Magma

Data Warehouse

Organization

The purpose of Magma is to define a data graph for each Etna project: a set of models for each of the entities in the project dataset.

Each model has a set of attributes, which may broadly be divided into value types, which hold, e.g., an integer or a reference to a binary file, and link types, e.g. parent or collection, which define relationships between the models in Magma.

Attached to each model is a collection of records, containing a data value for each attribute, including links to other records and files stored on metis.

Models

The shape of the data graph (and thus the relationships defined in each of the models) has some constraint:

Here is a sketch of what the graph for the “olympics” project might look like:

project {
  identifier project_name
  collection event
  collection athlete
}

event {
  parent project
  identifier event_name
  table entry
}

entry {
  parent event
  link athlete
  integer placement
  integer score
}

athlete {
  parent project
  identifier name
  collection entry
}

Here all links are reciprocal, and every model descends from the project. However, using the link attribute we may indicate other one-to-one or one-to-many relationships, which allows the graph to be more like a directed acyclic graph (DAG) than a tree.

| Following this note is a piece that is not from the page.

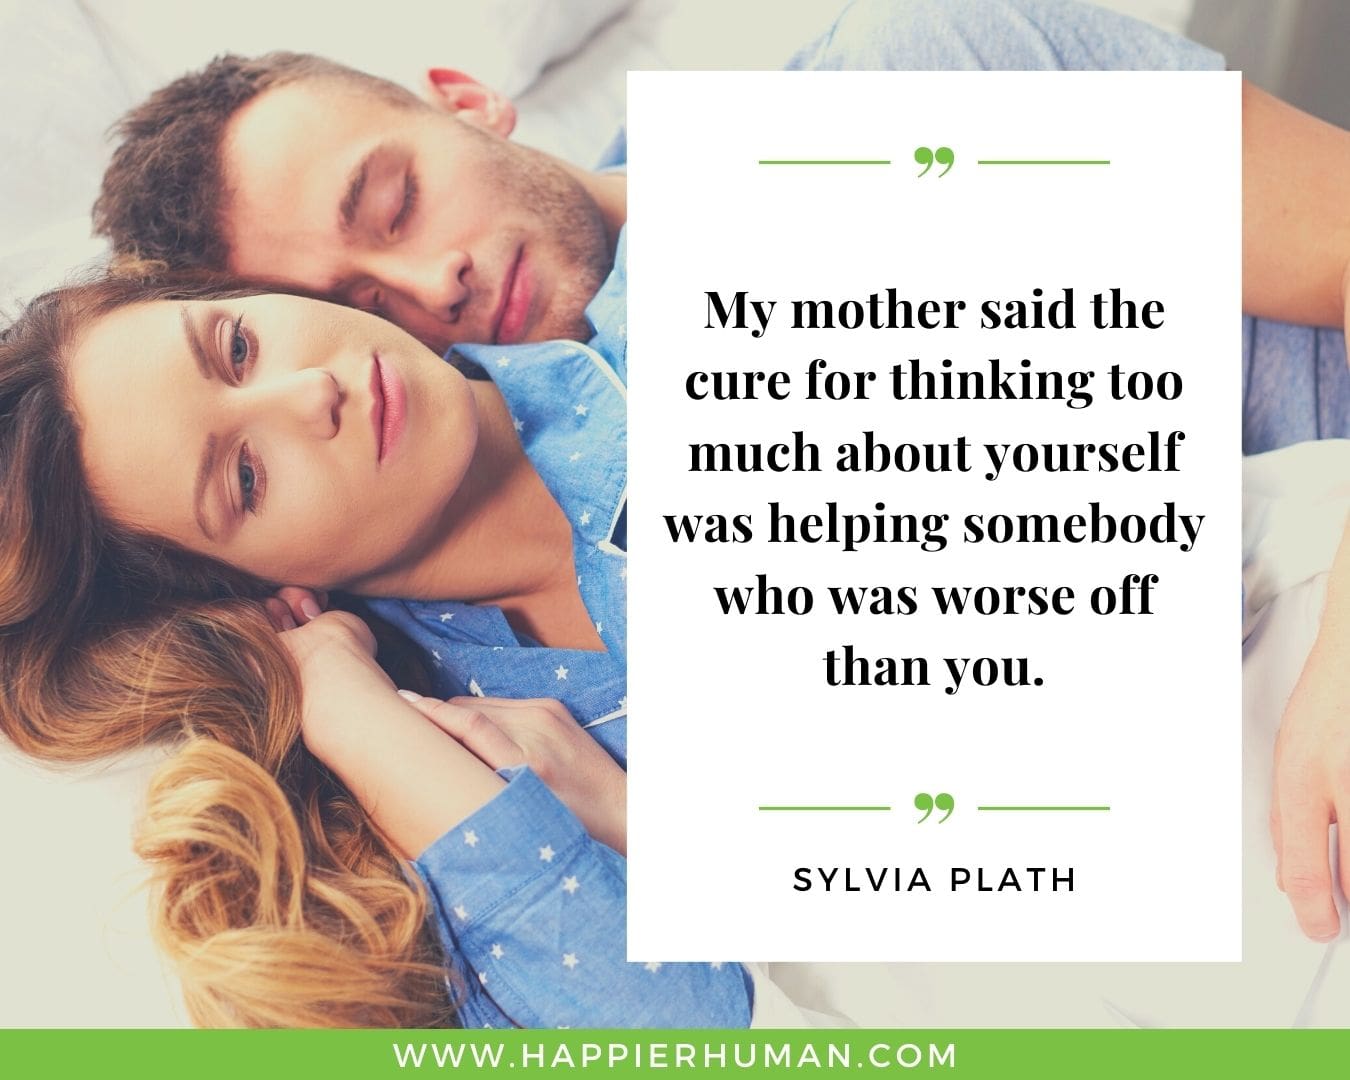 Overthinking Quotes - “My mother said the cure for thinking too much about yourself was helping somebody who was worse off than you.” - Sylvia Plath

Models may also specify a dictionary model and mapping to be used for more complex validations (see below on dictionary validation).

Attributes

Each attribute has, at least, a unique attribute name within its model, and a distinct attribute type.

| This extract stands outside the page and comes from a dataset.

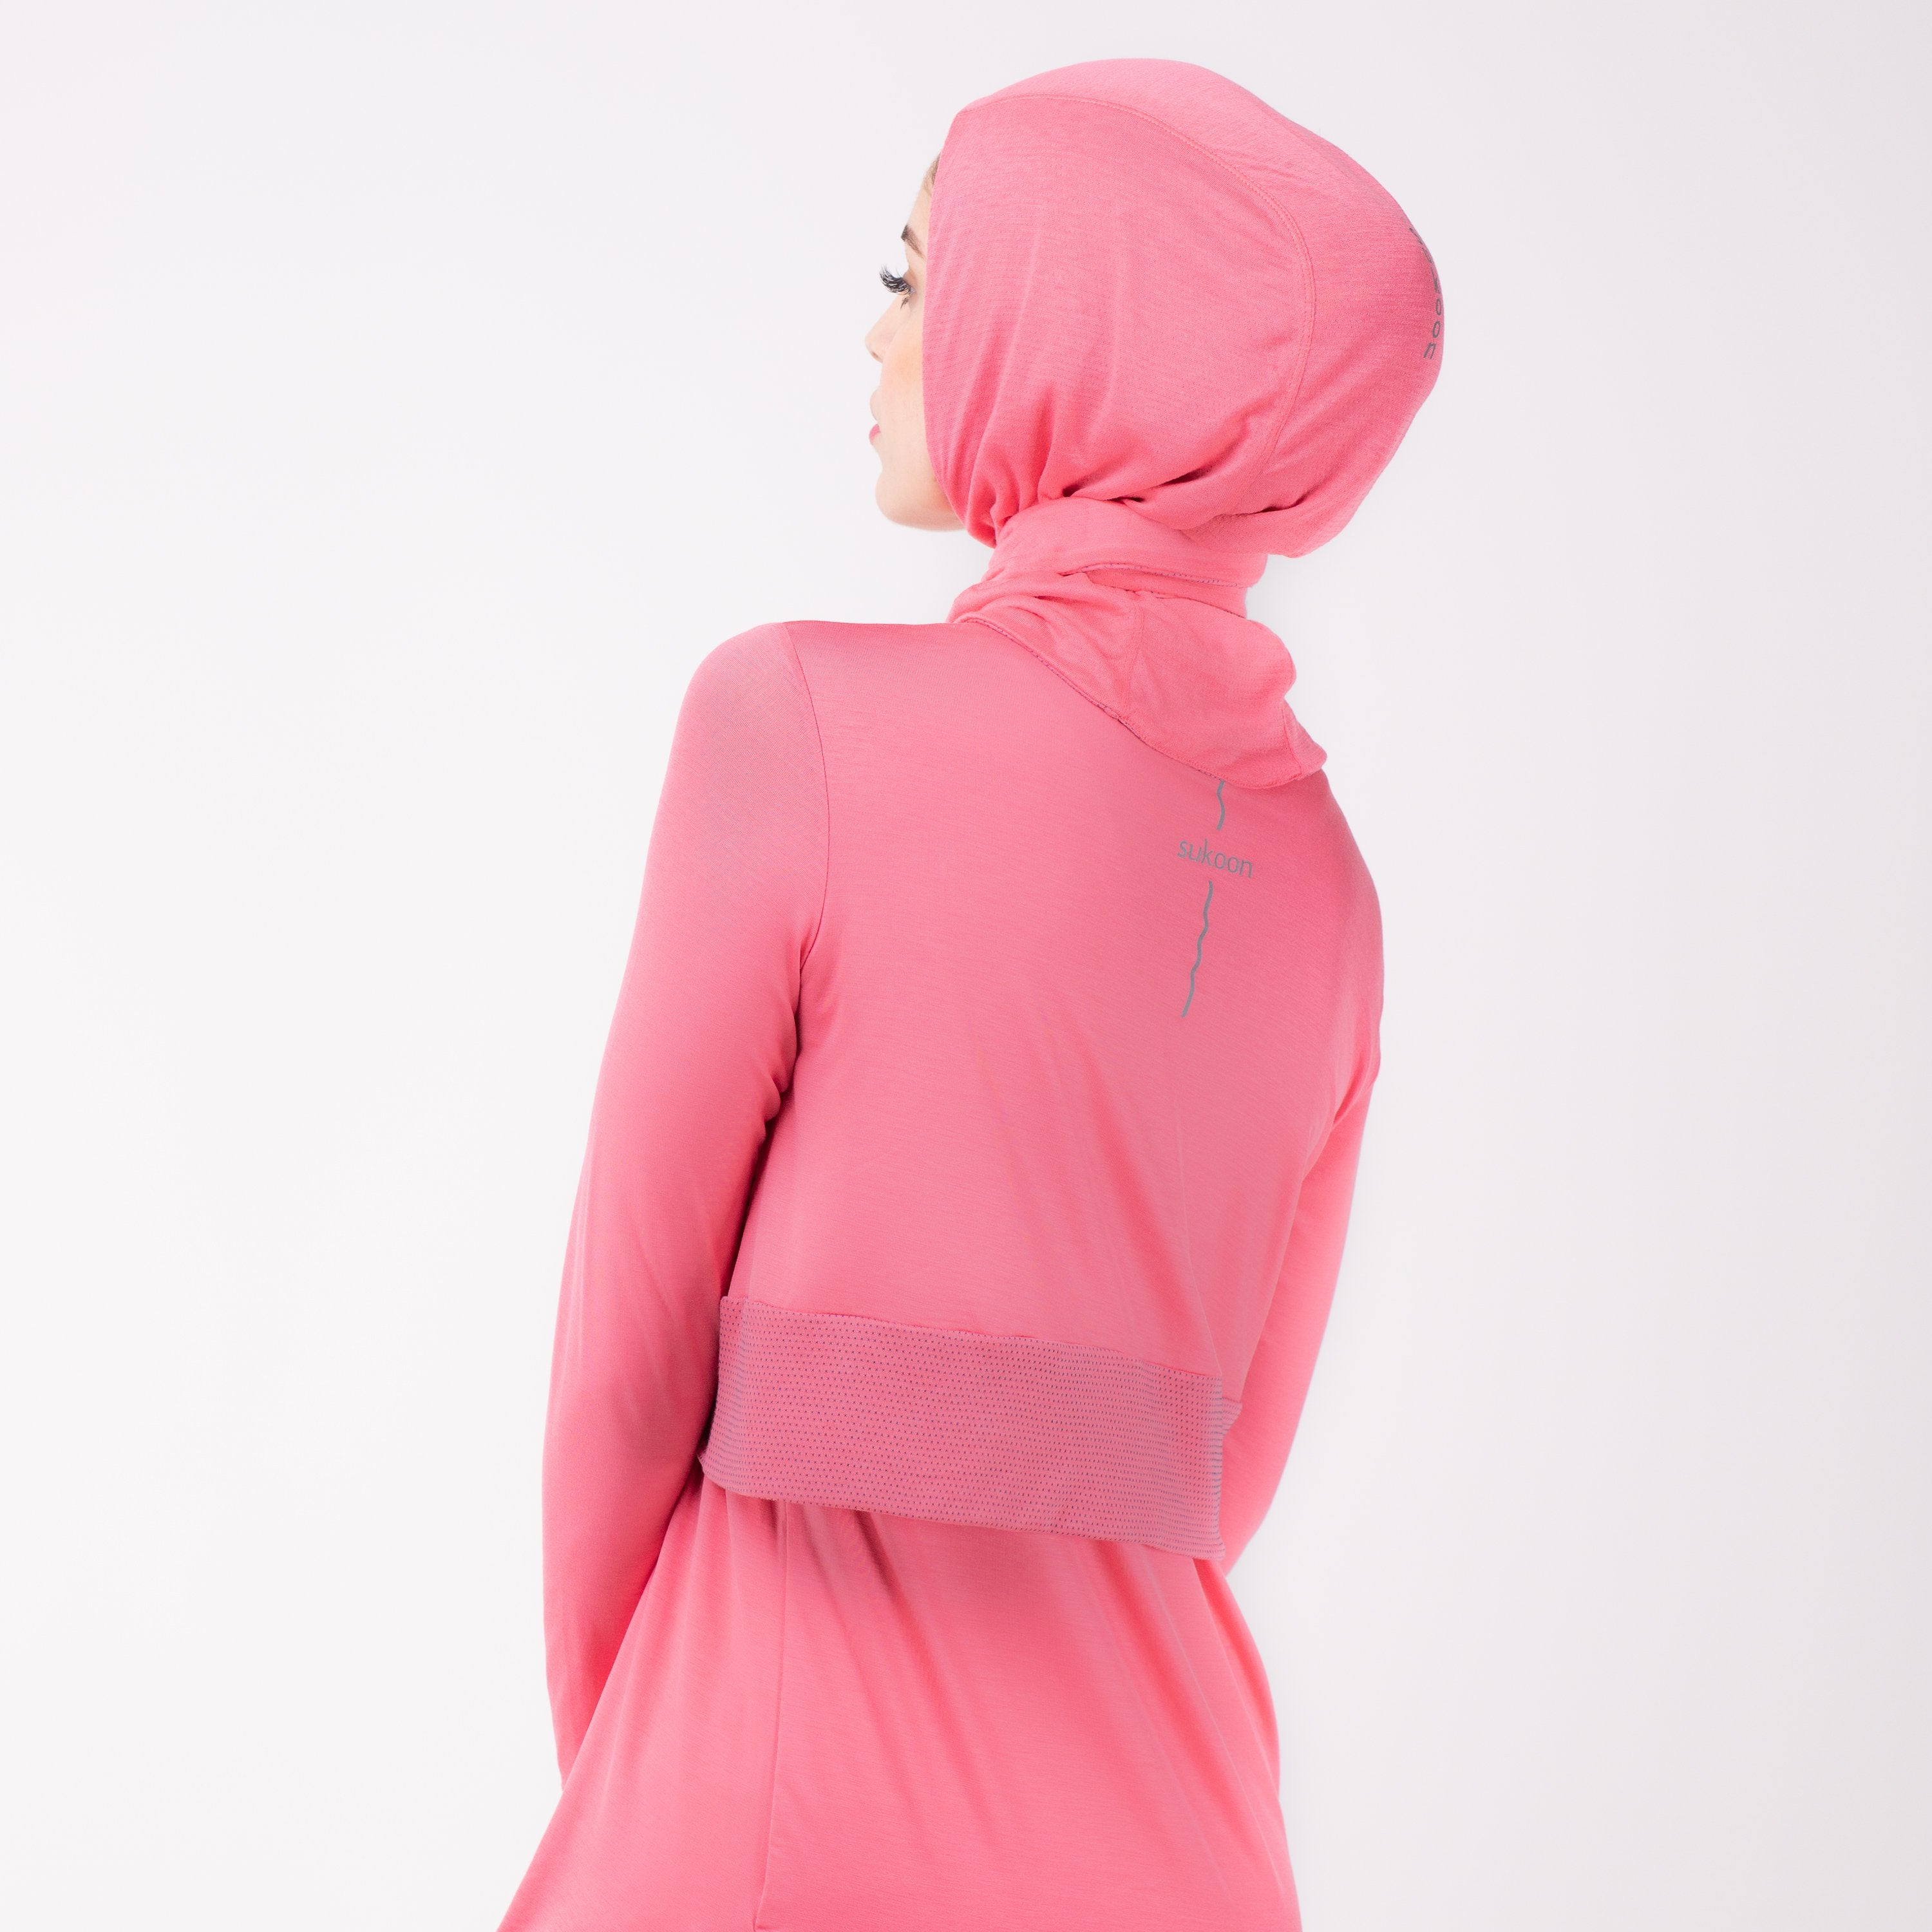 Back detail of a woman in a pink shirt with a matching pink HAWA hijab.

The Magma attribute types are:

Value types

Outgoing link types

Incoming link types

Other types

In addition to its type, each attribute may set several other fields:

Records

A record is a set of values for each attribute in the model. The set of records for a project form a data graph with a single project record at the root.

Validation

Magma models may define validations, which helps ensure the integrity of data as it enters Magma (invalid data is rejected). Magma has two basic forms of validation. The first is attribute validation, which adds matchers to each attribute on a model, e.g.:

class MyModel < Magma::Model
  attribute :att1, type: String, match: /[r]egexp/
  attribute :att2, type: String, match: [ 'list', 'of', 'options' ]
end

Dictionaries

An alternative method of validation is via a Magma::Dictionary, which allows a model to be validated using data (records) from another model.

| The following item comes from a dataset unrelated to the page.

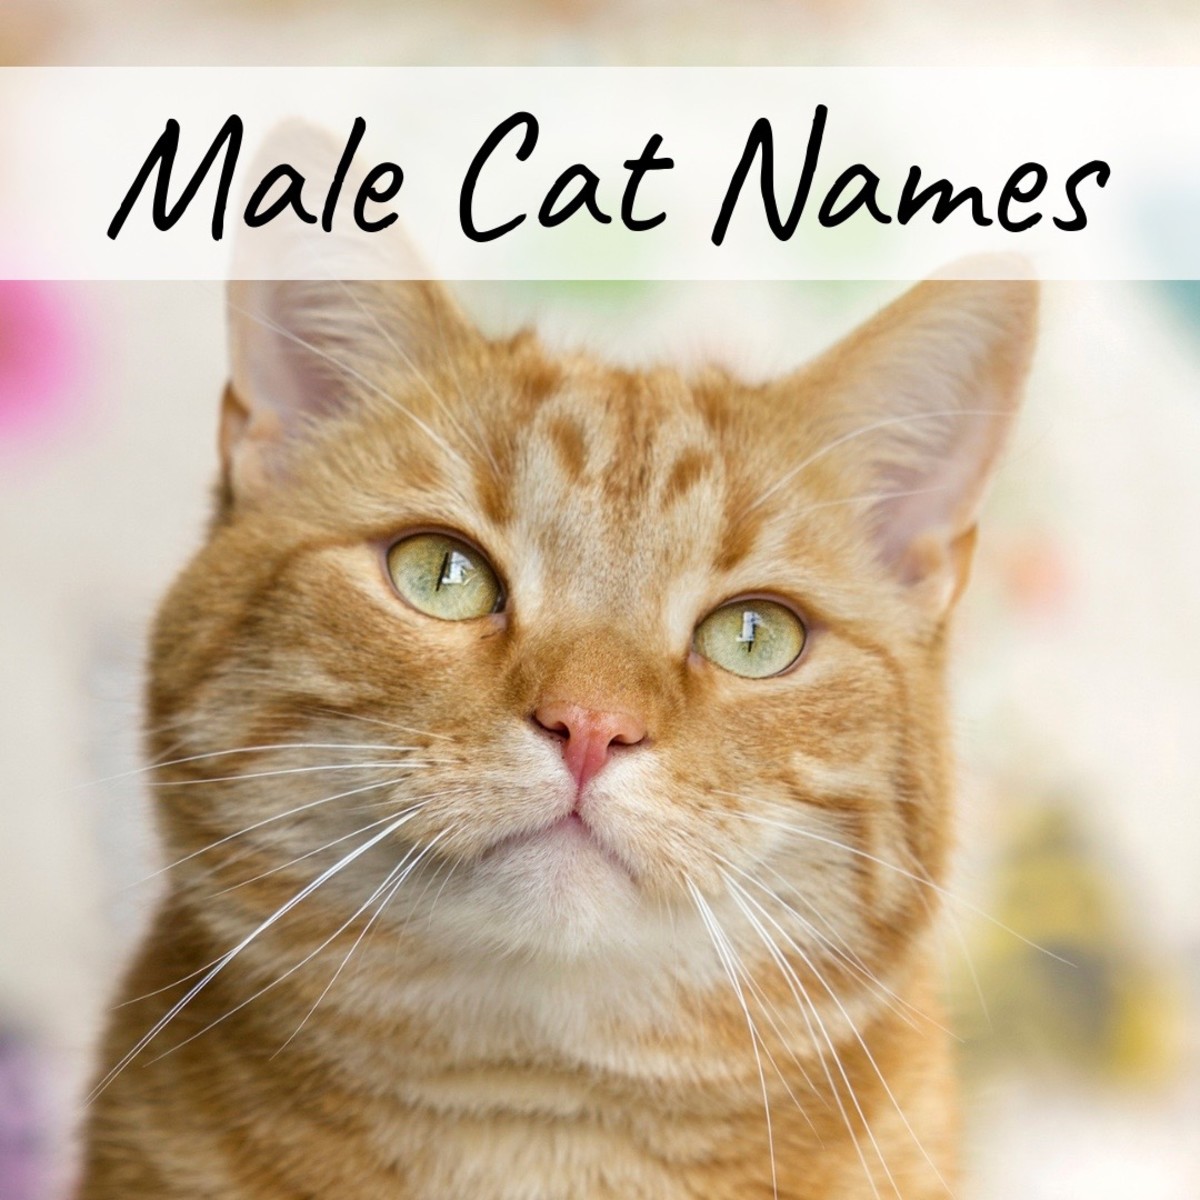 There are lots of great names for male kitties!

You may define a dictionary relation as follows:

class MyModel < Magma::Model
  attribute :att1
  attribute :att2

  dictionary DictModel, att1: :dict_att1, att2: :dict_att2
end

A my_model record is valid if there is a matching entry in the dictionary model, i.e., where my_record.att1 matches dict_record.att1 and my_record.att2 matches dict_record.att2. Here ‘match’ might mean ‘equality’, but a dictionary may also include a ‘match’ attribute.

class DictModel < Magma::Model
  attribute :dict_att1
  match :dict_att2
end

A match attribute contains json data like {type,value}. This allows us to construct more complex entries:

# match any value in this Array
{ type: 'Array', value: [ 'x', 'y', 'z' ] }
# match within this Range
{ type: 'Range', value: [ 0, 100 ] }
# match this Regexp
{ type: 'Regexp', value: '^something$' }
# match an ordinary value
{ type: 'String', value: 'something' }

Usage

Clients

The main way to interact with Magma is via the API. In the simplest case this can be done using curl or wget to POST if one sets the Authorization: Etna <your token> header; but any HTTP client will suffice. Visit your Janus instance to get a current token, or make use of other ways to authenticate with Janus.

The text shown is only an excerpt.